We are often asked by potential clients why they should have a will drafted if they do not have a lot of assets or if they intend for their spouse to inherit everything. Below are the top five reasons:
1. To ensure the proper people inherit your property. If you do not have a will, depending on your particular circumstances, your spouse may not inherit everything under North Carolina intestacy laws. Step-children will not inherit under the law.
2. To name an executor. If no executor is named in the will, a friend or family member will have to volunteer and apply to the court. If someone has a higher degree of kinship than the prospective executor, they will be expected to sign a waiver of their right to serve as executor (i.e., creating more paperwork for your loved ones or additional attorney’s fees). For example, if your grandson is an attorney and he wants to, and is better suited to, serve as the executor, your daughter would have to fill out a form renouncing her right to serve because she is a higher degree of kinship than your grandson.
3. To waive bond for the executor. This is very important, because we have actually seen this be prohibitive to prospective executors before. In North Carolina, an executor has to pay a bond unless (1) it is waived in a will or (2) the heirs all sign a document waiving the requirement (again, more paperwork for your loved ones). Without a will, if there are minors or incompetent heirs, they cannot consent, and the bond will be required. Without a will, if the prospective executor is not a North Carolina resident, the court will require a bond, regardless of waivers.
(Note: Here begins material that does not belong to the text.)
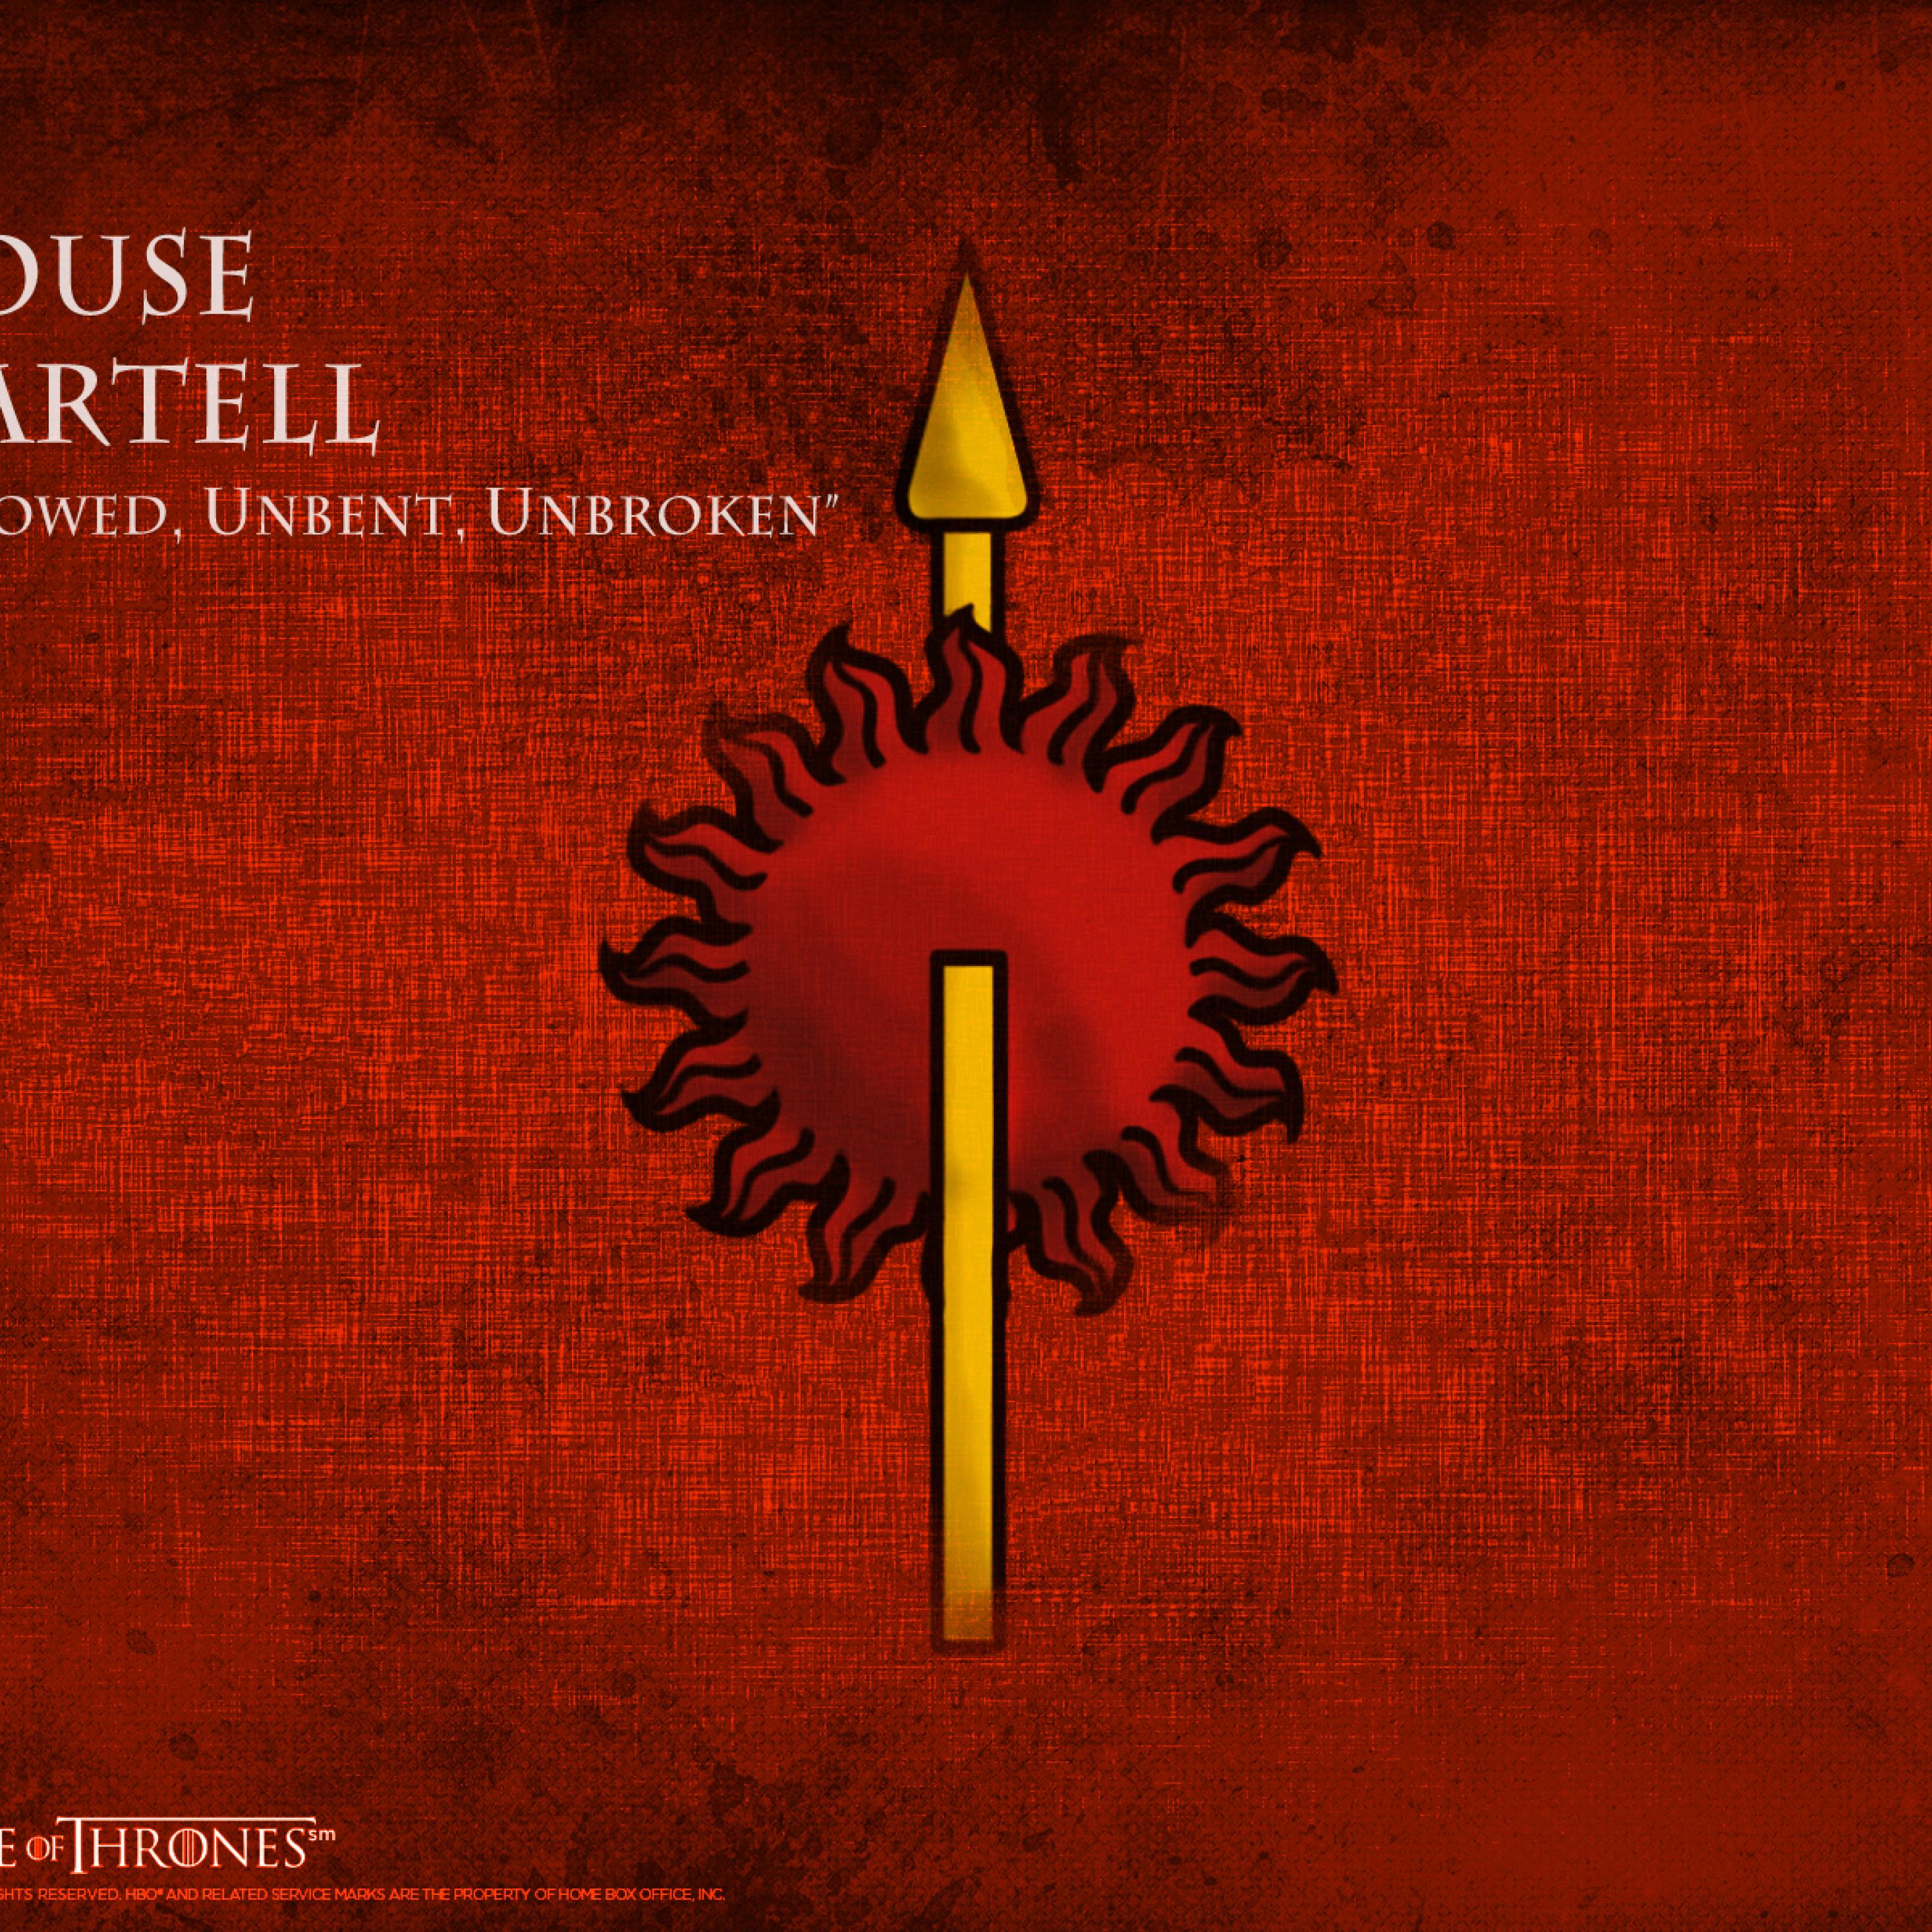 2932x2932 Game Of Thrones House Martell Ipad Pro Retina Display

A surety bond company will pay the bond to the court, and all the executor has to do is pay a premium out of the estate. However, the executor has to qualify by filling out an application and having a credit check completed. We have seen cases where the executor did not qualify due to their financial situation. We have seen cases where there were minor heirs who could not consent to waive the bond and the executor was out of state. All of this could be avoided by a will.
4. To give the executor powers in the will beyond those granted by law. In North Carolina, if you die without a will, your executor may have to apply to the court for permission to do certain things. For example, the executor may need to sell some of your property to pay estate debts. The petition can be time consuming. It can result in costs almost three times as high as a simple probate. With a will, however, you can stipulate that you are giving your executor the power to do certain acts without getting the court’s permission. Again, this is saving your loved ones a lot of time and their potential inheritance.
5. To name a guardian over minor children, if any. When appointing a guardian for a minor, the court will give preference and priority to the person named as guardian in a will. Unless
you are stricken with a terminal illness, the only way to name a guardian for your children in North Carolina is to do so in a will.